Human studies and mouse models have identified that TBX1 is a critical gene for many of the features, in particular the heart defects, but other genes, such as CRKL, may be involved in smaller deletions that do not include TBX1. Among the genes that have been linked to the cognitive deficits and neuropsychiatric symptoms are COMT, PRODH, and DGCR8. Although most individuals with the syndrome have 22q11.2 deletions, some have point mutations in TBX1, or have no clearly identified genetic cause. Other chromosomal defects have been described, mostly deletions of 10p responsible for DiGeorge syndrome/velocardiofacial syndrome complex 2.
Manifestations of Disease
Clinical Presentation
Most prenatally diagnosed cases of 22q11.2DS syndrome are identified because of abnormal cardiac anatomy during routine screening prenatal ultrasound (US), but more recently they may be ascertained through genetic testing by CMA or noninvasive cffDNA screening. Of the approximate 10% of affected fetuses with an inherited 3 Mb deletion, the affected parent can be asymptomatic or have conditions, such as neuropsychiatric disease, not previously recognized to be caused by the deletion. This number may be slightly higher for smaller atypical deletions. This variability underscores the importance of a thorough prenatal US exam at 18 to 20 weeks’ gestation, including imaging of the four-chamber heart, three vessels, and cardiac outflow tracts crossing and long-axis views, for optimal detection of CHDs and identification of at-risk fetuses.

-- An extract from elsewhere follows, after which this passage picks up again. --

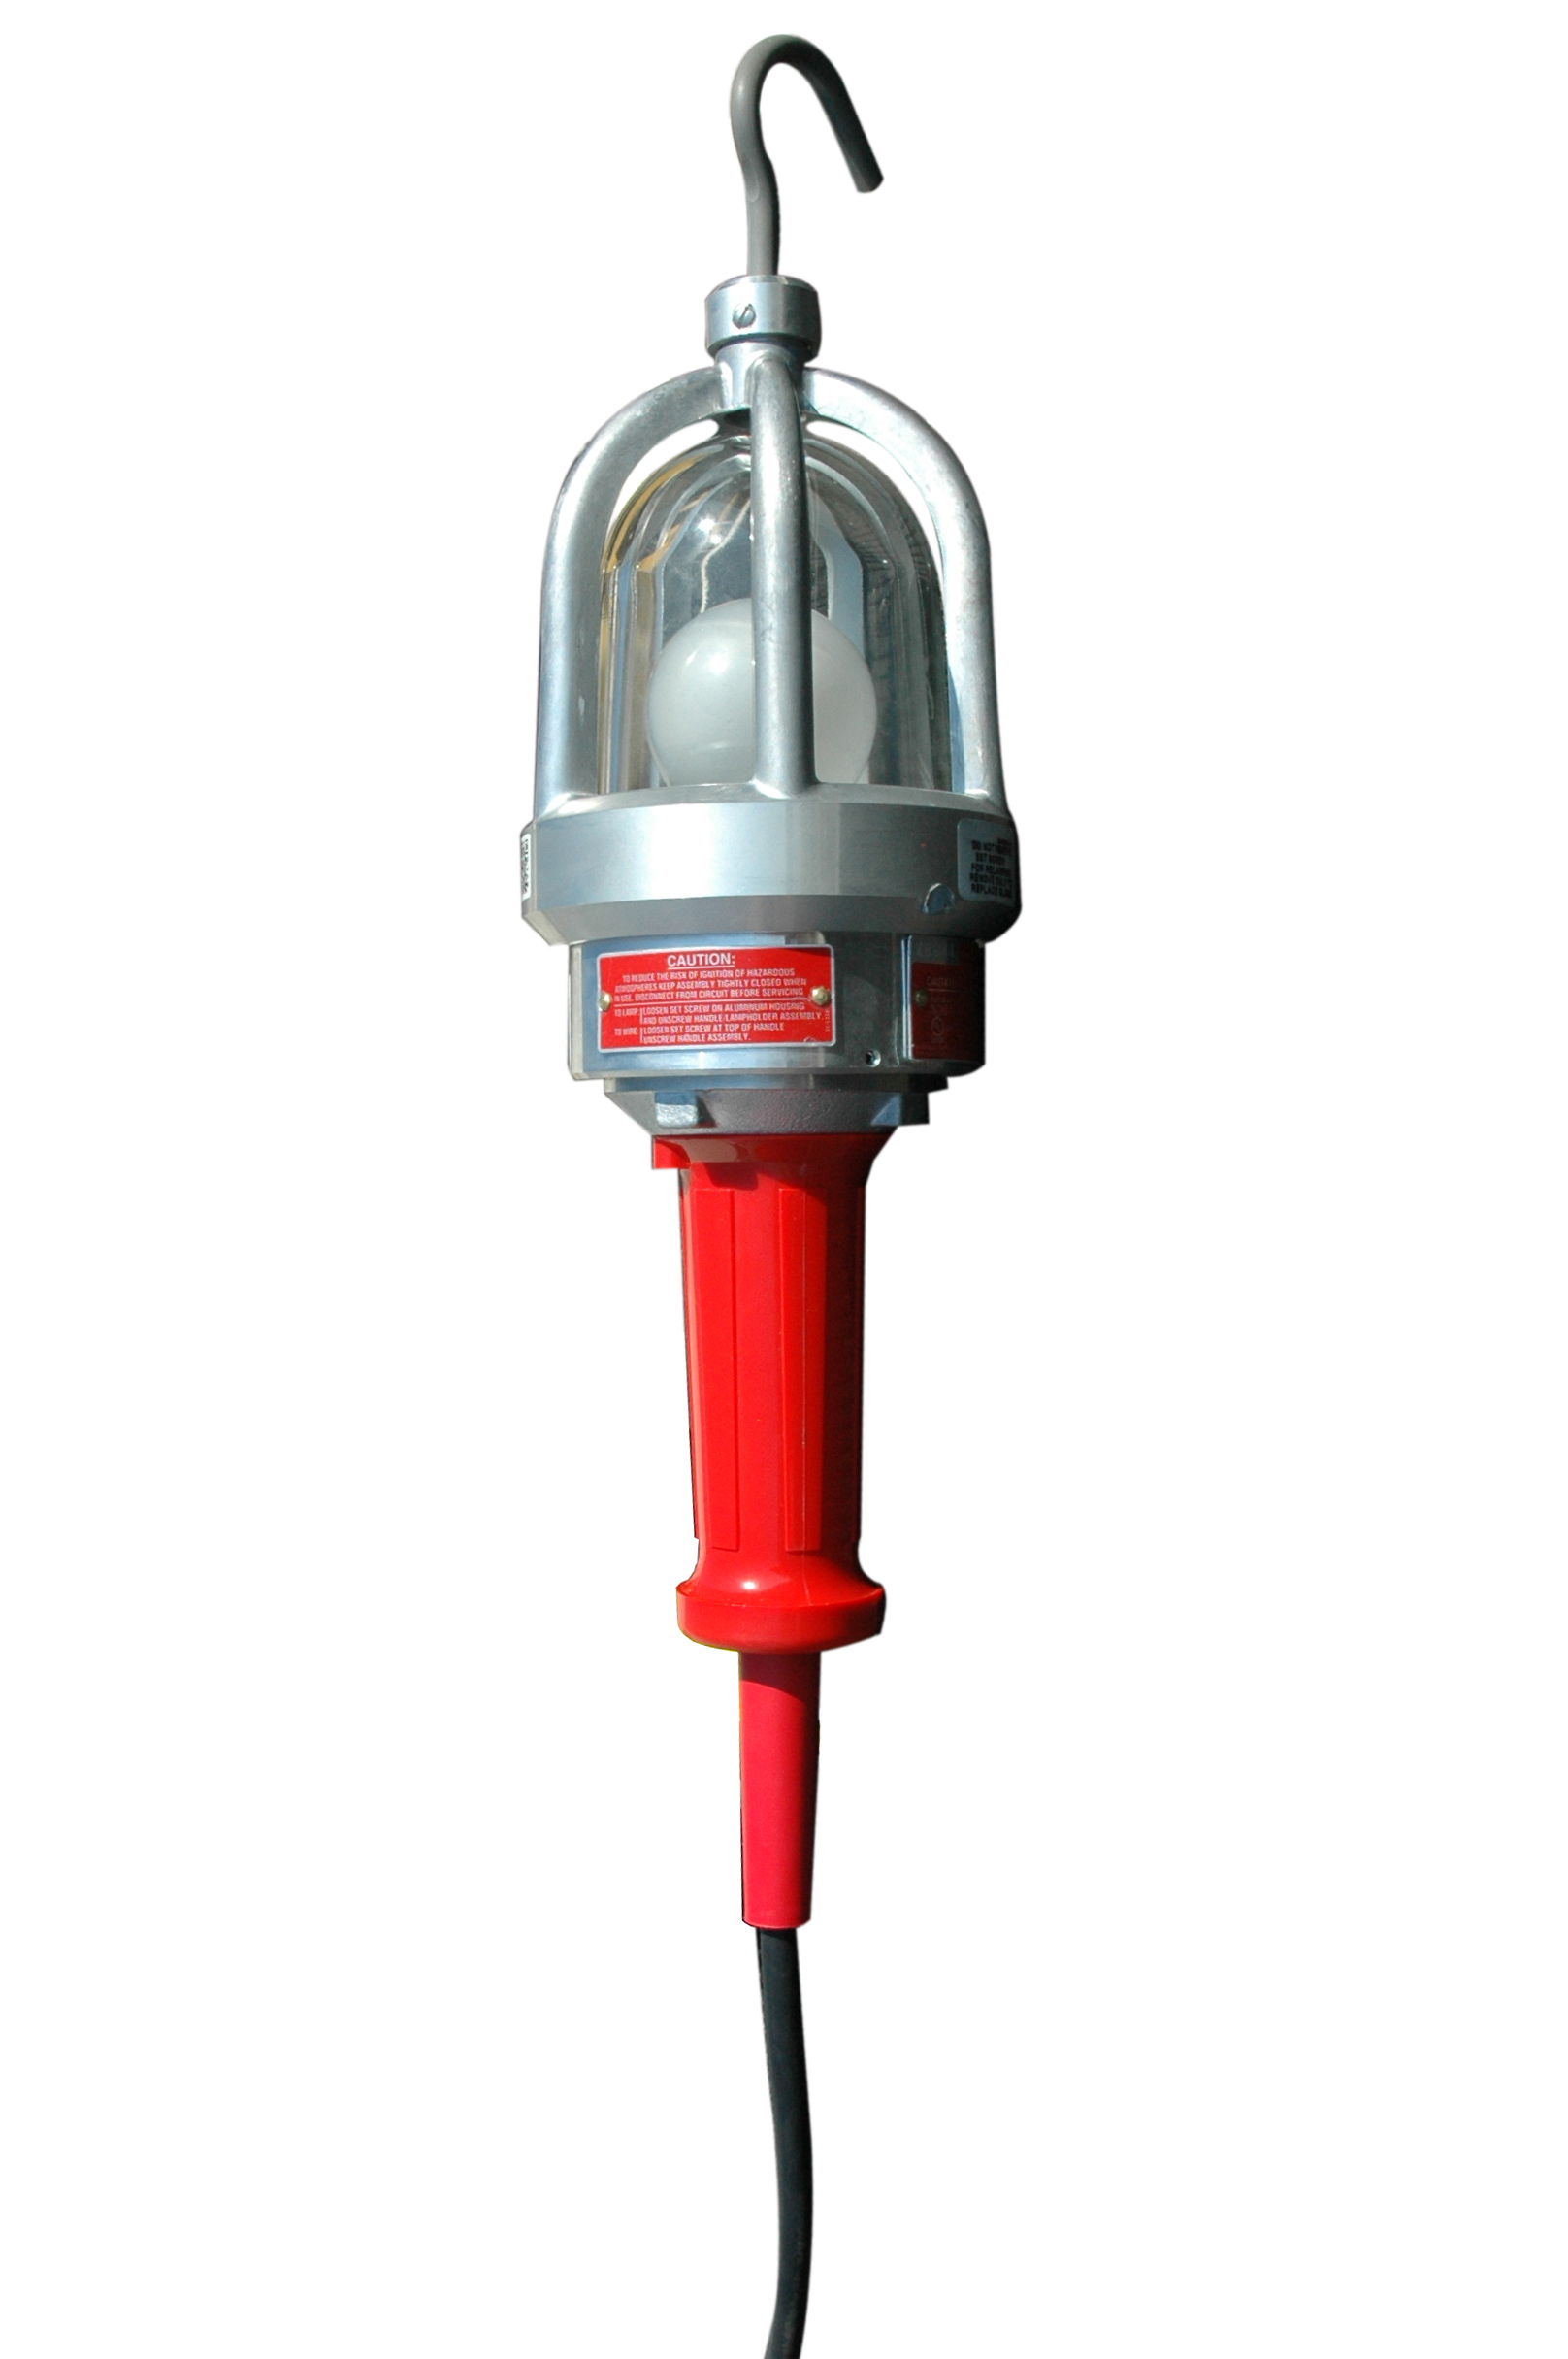 Class 1 Division 1 Explosion Proof LED String Lights for Hazardous Locations

When a CHD, in particular a conotruncal defect, is detected prenatally, 22q11.2DS should always be considered. Postnatally, in addition to (or sometimes in absence of) a CHD, velopharyngeal incompetence with palatal abnormalities (bifid uvula and palatal submucosal clefts) with feeding and speech difficulty, learning disability and psychopathology, hypocalcemia secondary to hypoparathyroidism, T-cell immune defects secondary to thymic hypoplasia, typical facial features (square nasal root, bulbous nose with hypoplastic alae nasi, small palpebral fissures, elongated face, smooth philtrum, simple protruding and low-set ears, and tapered fingers), and hearing loss all can be found with variable frequency.

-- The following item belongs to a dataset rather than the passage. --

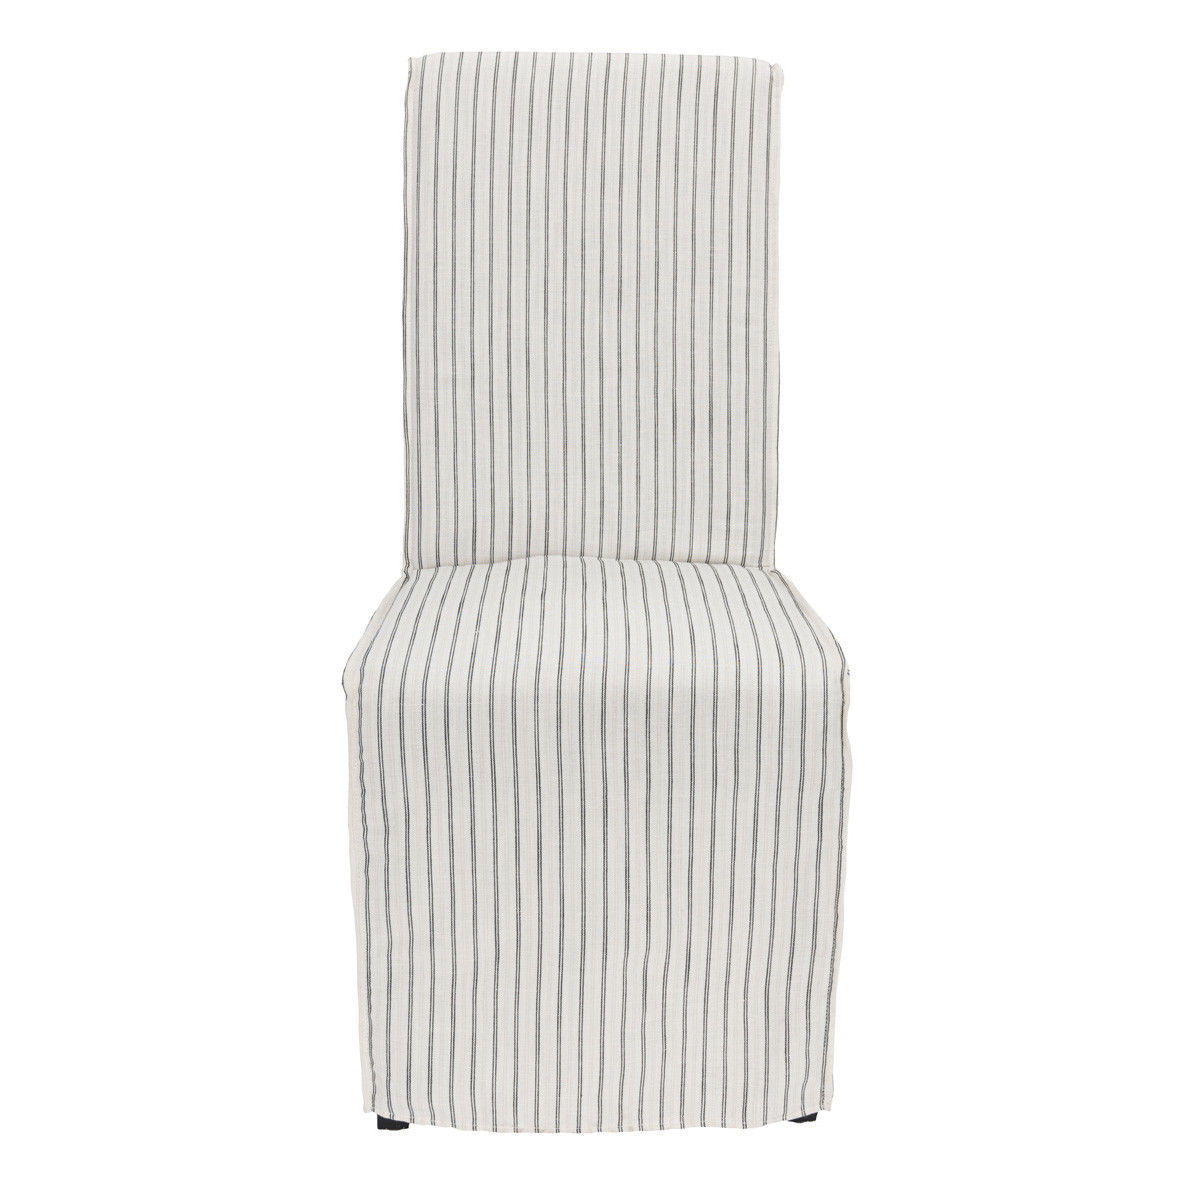 Picture of ARIANNA UPHOLSTERED DINING CHAIR

Structural abnormalities of other organs (genitourinary, central nervous system [CNS], skeletal, gastrointestinal, laryngotracheal) are less commonly described, but can certainly be present and be diagnosed prenatally.
Imaging Technique and Findings
Ultrasound.
With the increased screening and testing, often before the first anatomical survey US is performed; accurate recognition of potentially visible clinical features and knowledge of their frequency in 22q11.2DS is critical. About 75% of affected fetuses and infants have CHDs, typically conotruncal anomalies, but other defects can be present together with those or in isolation. The most common are tetralogy of Fallot (20%) ( Fig. 154.1 ), interrupted aortic arch (seen in 13%; in patients with type B interrupted aortic arch, 52% have 22q11.2DS) ( Fig. 154.2 ) or hypoplastic aortic arch ( Fig. 154.3 ), ventricular septal defect (14%) with or without pulmonary atresia, truncus arteriosus (6%) ( Fig. 154.4 ), vascular ring (5.5%) as well other defects (10%) such as hypoplastic left heart ( Fig. 154.5 ), endocardial cushion defect ( Fig. 154.6 ), or atrial septum defects.